When Hannah-Jones brought up how Donald Trump “called the white supremacists who rallied in Charlottesville, Va., ‘very fine people,'” Waters served up a bogus defense:
Regarding Charlotteville (take it away again, Snopes), Trump went on to say that “I’m not talking about the neo-Nazis and the white nationalists, because they should be condemned totally.” But these days who expects a supposed historian to tell the truth when the liberal lie goes unchallenged by corporate media?
But as we documented, the people protesting the removal of a Confederate statue in Charlottesville were, in fact, lead by a white supremacist group, so Trump was indeed calling white supremacists “very fine people.”
Waters returned for an Oct. 2 post grousing yet again that it was pointed out people who said not-so-nice things about KIrk were being doxxed by right-wingers:
In Tuesday’s edition, the New York Times added another weeper to the already well-stocked larder of stories lamenting the nationwide firings of gleeful ghouls who celebrated the death of Charlie Kirk. Sabrina Tavernise’s “She Was Fired for a Comment on Her Private Facebook Account.”

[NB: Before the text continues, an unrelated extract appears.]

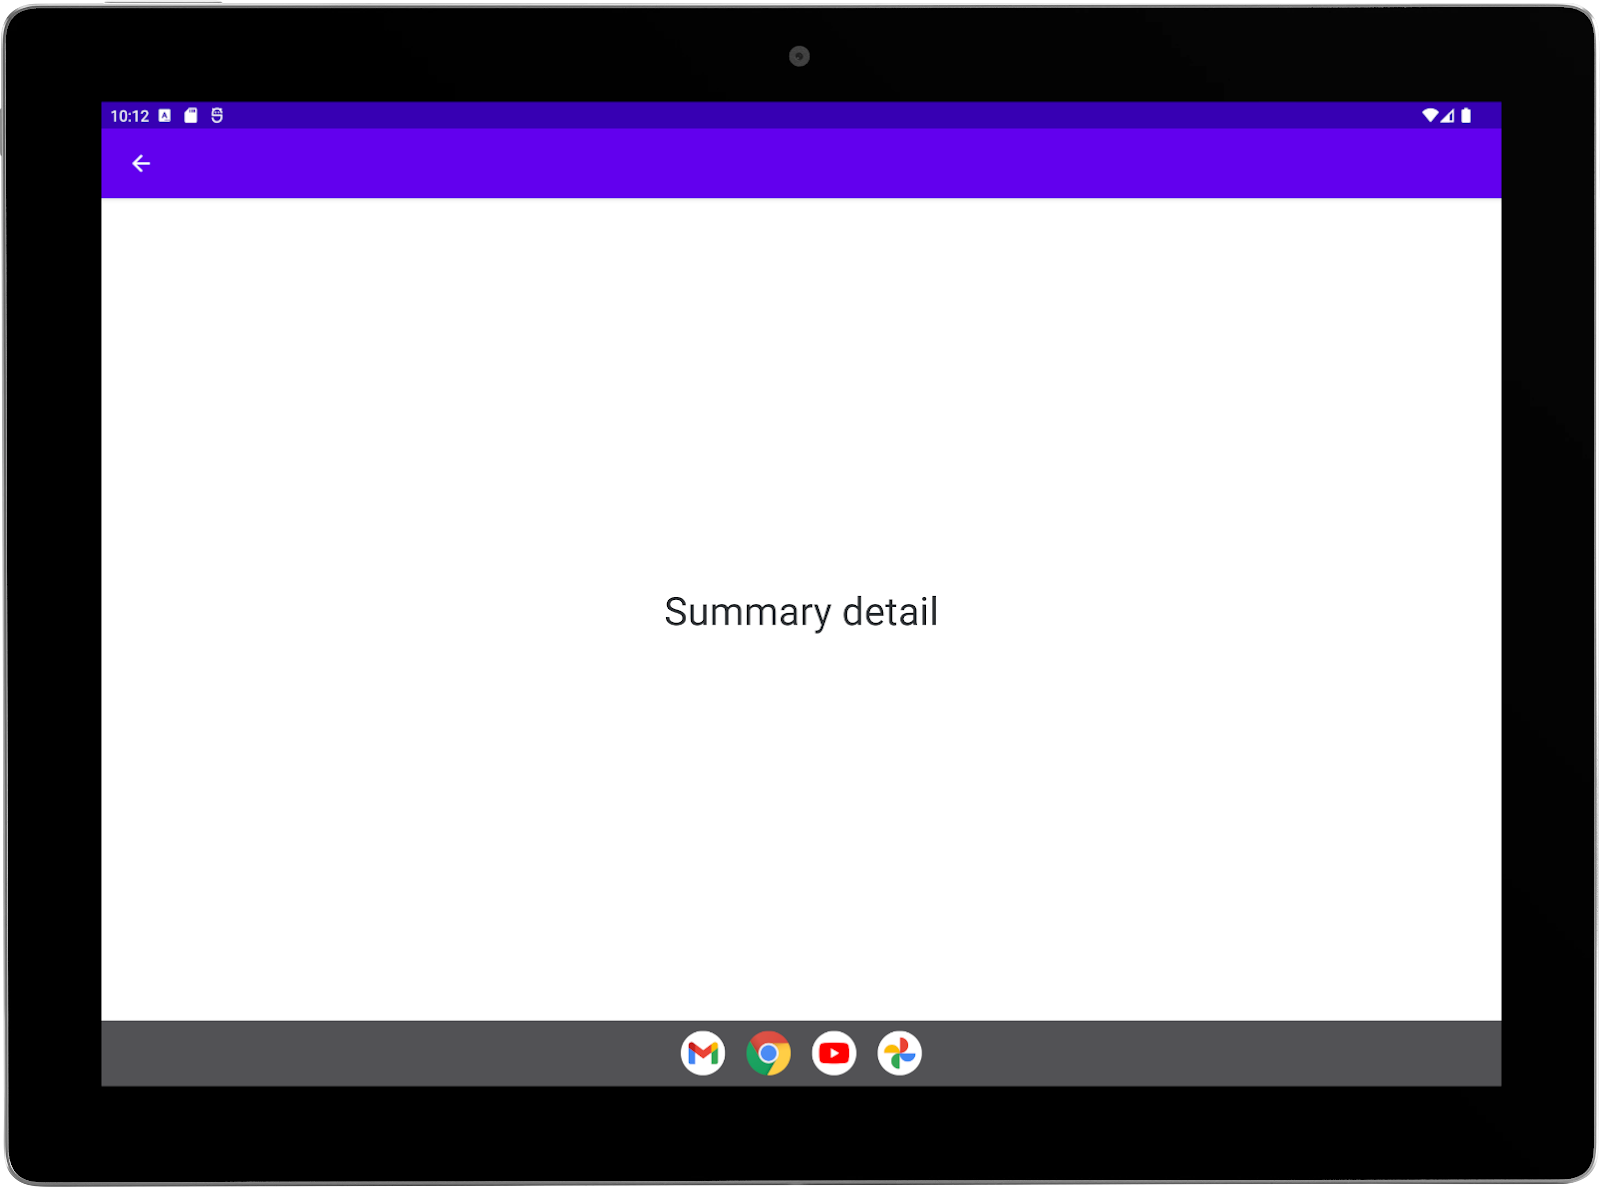 Tablet grande con la app de ejemplo ejecutándose en orientación horizontal. Pantalla completa de la actividad de resumen.

[…]As NewsBusters noted in criticizing a similarly themed Times story, people lost their jobs over far more tame comments during the George Floyd hysteria, especially in liberal-dominated workplaces when they failed to bend the knee to Black Lives Matter. The Times didn’t deign to notice them.
Affirming the fact that black lives matter is “bending the knee”? Really?
Waters also hufffed that the article included “an extraneous smear of Libs of TikTok, who has successfully tracked down hateful posts about Charlie Kirk in the wake of his assassination.” He went on to write of one person who was doxxed and then fired: “At least she has a life to live, unlike the person she wrote about so callously the day after he was murdered in front of his family.”
Sounds like Waters thinks doxxing is cool — when it targets people he doesn’t like.